三浦 牛尾さんはエンジニアなので、サービスとかプロダクトのシステムそのものを書き替えたり、アップデートしたりする改善ができる強みがあると思います。僕らの場合は、例えば、ある企業がプロダクトを作って、良いもののはずなのに世の中に受け入れられない、みたいな課題を解決するとき、プロダクトの中身を変えることはレアケースで、多くは「顧客の感情を動かす」ことで課題を解決します。

 Aというサービスと、Bというサービスがあって、Aの方がちょっと良くて安かったら普通、Aを選びます。でも、デザインがいいとか、誰かに薦められたとか、なんとなくBの方が好きだなと、感情でモノを選ぶ瞬間も人はけっこうありますよね。
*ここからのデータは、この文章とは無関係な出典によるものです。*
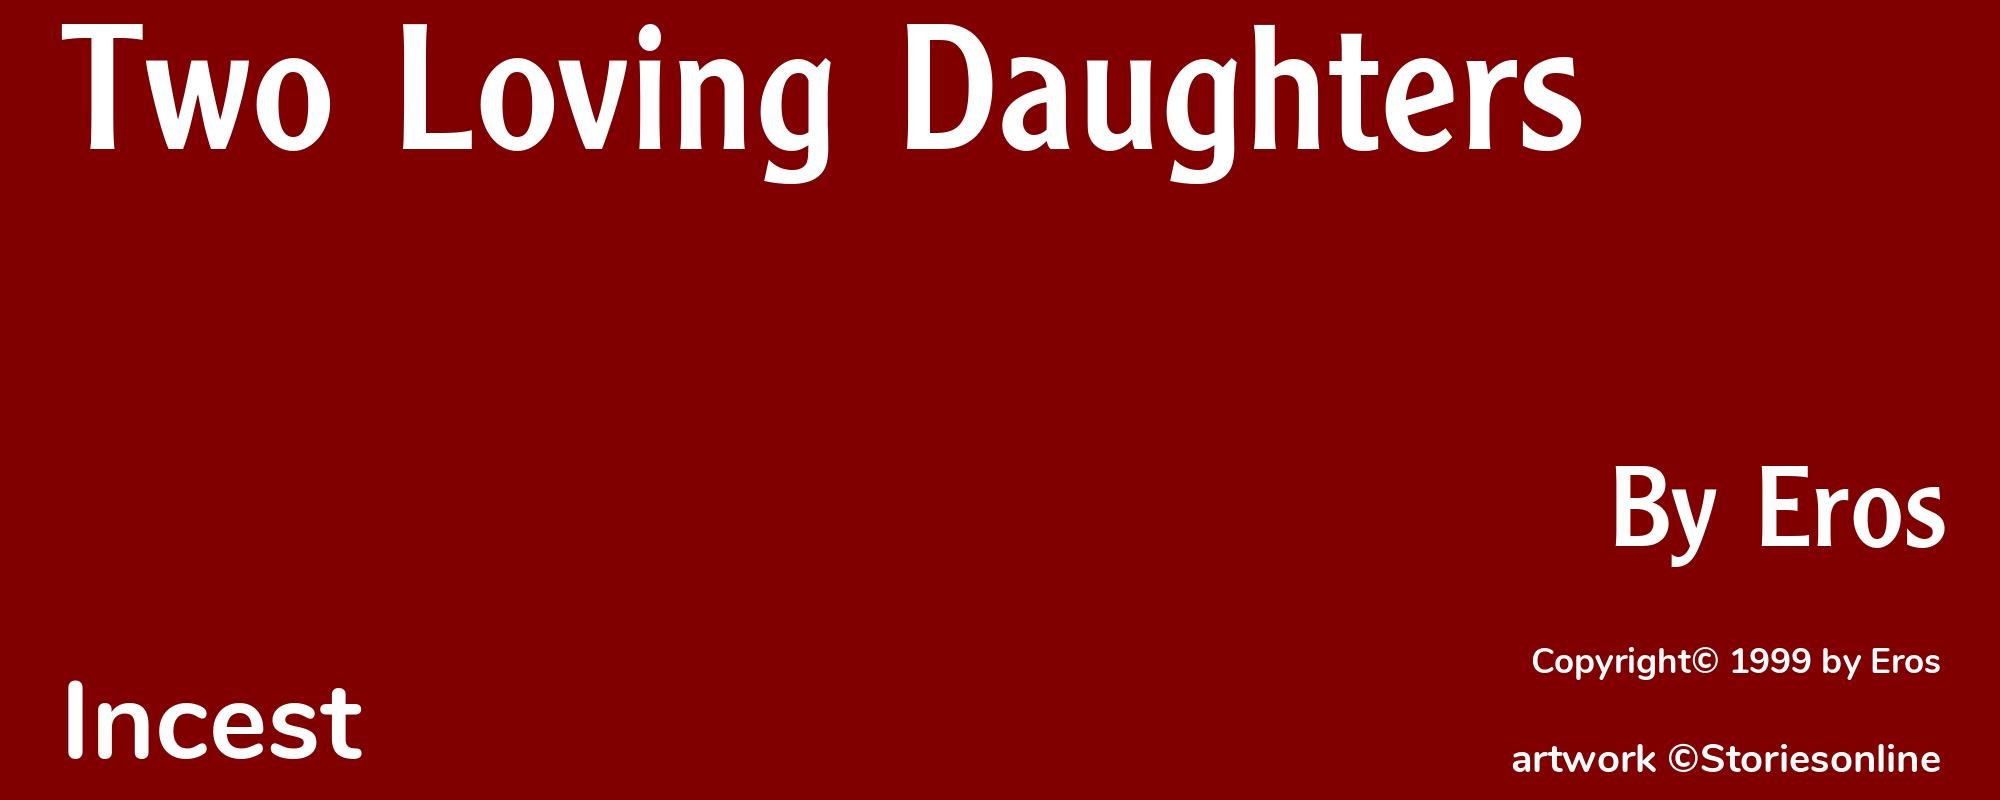 Two Loving Daughters - Cover
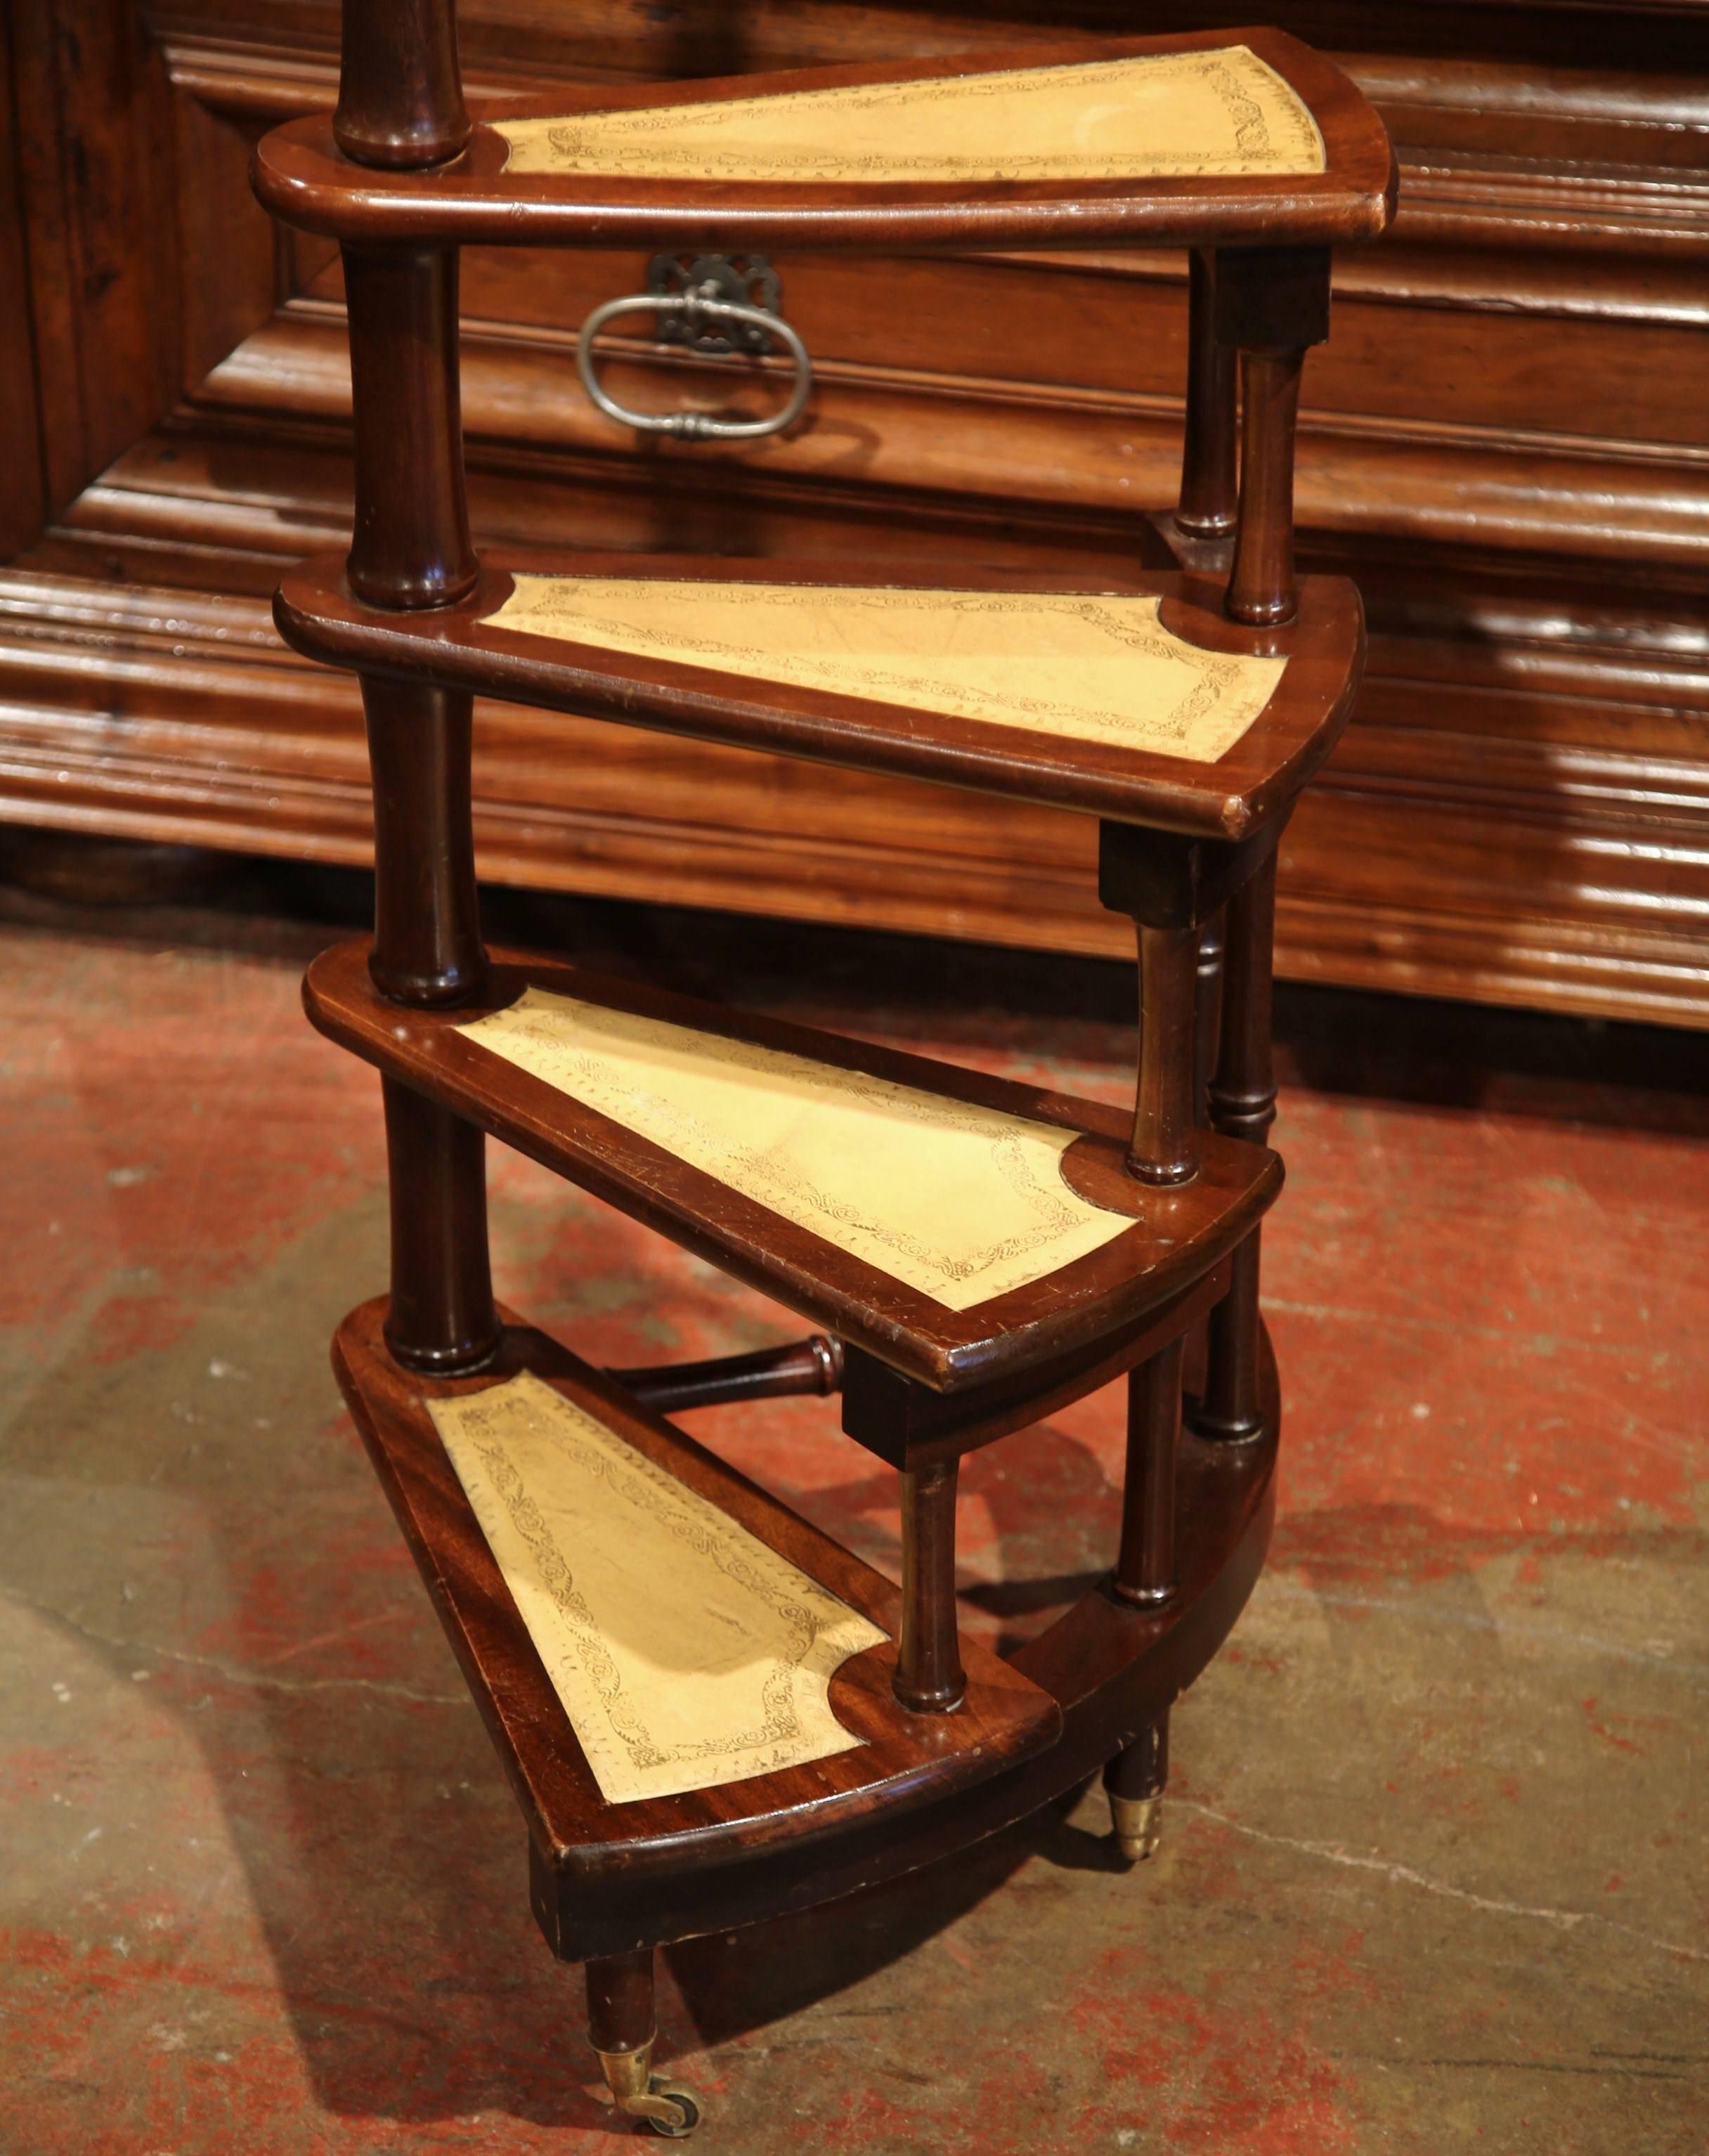 This set of vintage mahogany library stairs were created in England, circa 1950. The thin steps come from a central, circular steps and spiral out for extra height with a slim profile. The steps are covered with leather and tooling, and has a brass

 だから、どうやったら顧客の感情を動かせるかを起点にすることが多いし、それは定量的調査やアンケートなどやり方はいろいろありますが、結局は一人の生活者としての自分をセンサーにして答えを導き出していますね。

牛尾 面白いですね。でも、それってかなり広範囲にわたってセンサーを張らないといけなくて大変じゃないですか?

三浦 そうですね。ただ、広告の世界では常にマルチクライアント、マルチタスクなので、様々な業界のクライアントさんと仕事をしていると自然に世の中の多岐にわたる情報が入ってきます。だから、自分ごと化できるセンサーが沢山立っている状態です。エンジニアの世界ではマルチタスクは良くないと書かれていましたが(笑)。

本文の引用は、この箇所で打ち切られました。